'''
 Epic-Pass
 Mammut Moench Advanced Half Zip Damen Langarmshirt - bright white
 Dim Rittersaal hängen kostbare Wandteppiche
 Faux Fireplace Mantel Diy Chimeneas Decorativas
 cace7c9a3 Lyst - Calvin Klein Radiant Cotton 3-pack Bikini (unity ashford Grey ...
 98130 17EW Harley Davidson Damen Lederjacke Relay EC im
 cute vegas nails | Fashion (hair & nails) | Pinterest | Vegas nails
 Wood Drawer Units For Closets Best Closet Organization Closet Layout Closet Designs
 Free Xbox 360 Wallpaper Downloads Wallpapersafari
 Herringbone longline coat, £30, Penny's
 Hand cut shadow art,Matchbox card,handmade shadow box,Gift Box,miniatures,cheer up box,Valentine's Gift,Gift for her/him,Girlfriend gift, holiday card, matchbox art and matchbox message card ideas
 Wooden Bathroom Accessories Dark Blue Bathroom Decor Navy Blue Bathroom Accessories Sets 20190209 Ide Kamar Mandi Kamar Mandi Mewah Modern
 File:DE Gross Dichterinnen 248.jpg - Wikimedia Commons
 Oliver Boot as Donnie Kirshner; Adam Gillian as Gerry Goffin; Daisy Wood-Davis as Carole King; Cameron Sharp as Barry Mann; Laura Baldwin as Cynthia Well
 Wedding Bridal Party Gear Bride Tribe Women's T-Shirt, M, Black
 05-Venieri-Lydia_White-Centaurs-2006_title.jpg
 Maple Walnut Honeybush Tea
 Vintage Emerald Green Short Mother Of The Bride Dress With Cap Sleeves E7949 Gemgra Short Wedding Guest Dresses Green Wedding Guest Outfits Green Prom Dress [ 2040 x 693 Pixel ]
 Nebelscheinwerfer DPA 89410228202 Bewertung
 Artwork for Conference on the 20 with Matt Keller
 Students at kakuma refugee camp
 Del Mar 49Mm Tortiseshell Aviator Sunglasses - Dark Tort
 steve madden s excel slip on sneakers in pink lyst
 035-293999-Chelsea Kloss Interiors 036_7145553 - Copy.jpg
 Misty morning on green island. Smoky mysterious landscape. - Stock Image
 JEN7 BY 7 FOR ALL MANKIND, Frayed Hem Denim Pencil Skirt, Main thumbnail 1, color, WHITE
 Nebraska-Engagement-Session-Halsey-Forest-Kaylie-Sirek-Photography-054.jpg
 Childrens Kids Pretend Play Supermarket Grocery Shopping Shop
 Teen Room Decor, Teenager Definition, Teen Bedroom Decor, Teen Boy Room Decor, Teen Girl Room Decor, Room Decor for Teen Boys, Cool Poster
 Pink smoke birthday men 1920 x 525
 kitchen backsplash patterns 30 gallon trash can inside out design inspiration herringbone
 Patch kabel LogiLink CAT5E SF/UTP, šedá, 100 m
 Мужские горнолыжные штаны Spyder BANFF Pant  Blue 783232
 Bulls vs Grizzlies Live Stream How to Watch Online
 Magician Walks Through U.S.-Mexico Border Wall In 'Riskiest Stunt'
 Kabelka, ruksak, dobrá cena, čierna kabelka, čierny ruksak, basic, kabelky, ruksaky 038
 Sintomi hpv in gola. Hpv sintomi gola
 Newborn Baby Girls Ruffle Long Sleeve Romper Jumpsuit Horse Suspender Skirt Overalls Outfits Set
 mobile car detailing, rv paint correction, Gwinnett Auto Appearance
'''
*Task requirements*. Copy out every line of the listing that contains the string "Damen".

*Your solution*.
 Mammut Moench Advanced Half Zip Damen Langarmshirt - bright white
 98130 17EW Harley Davidson Damen Lederjacke Relay EC im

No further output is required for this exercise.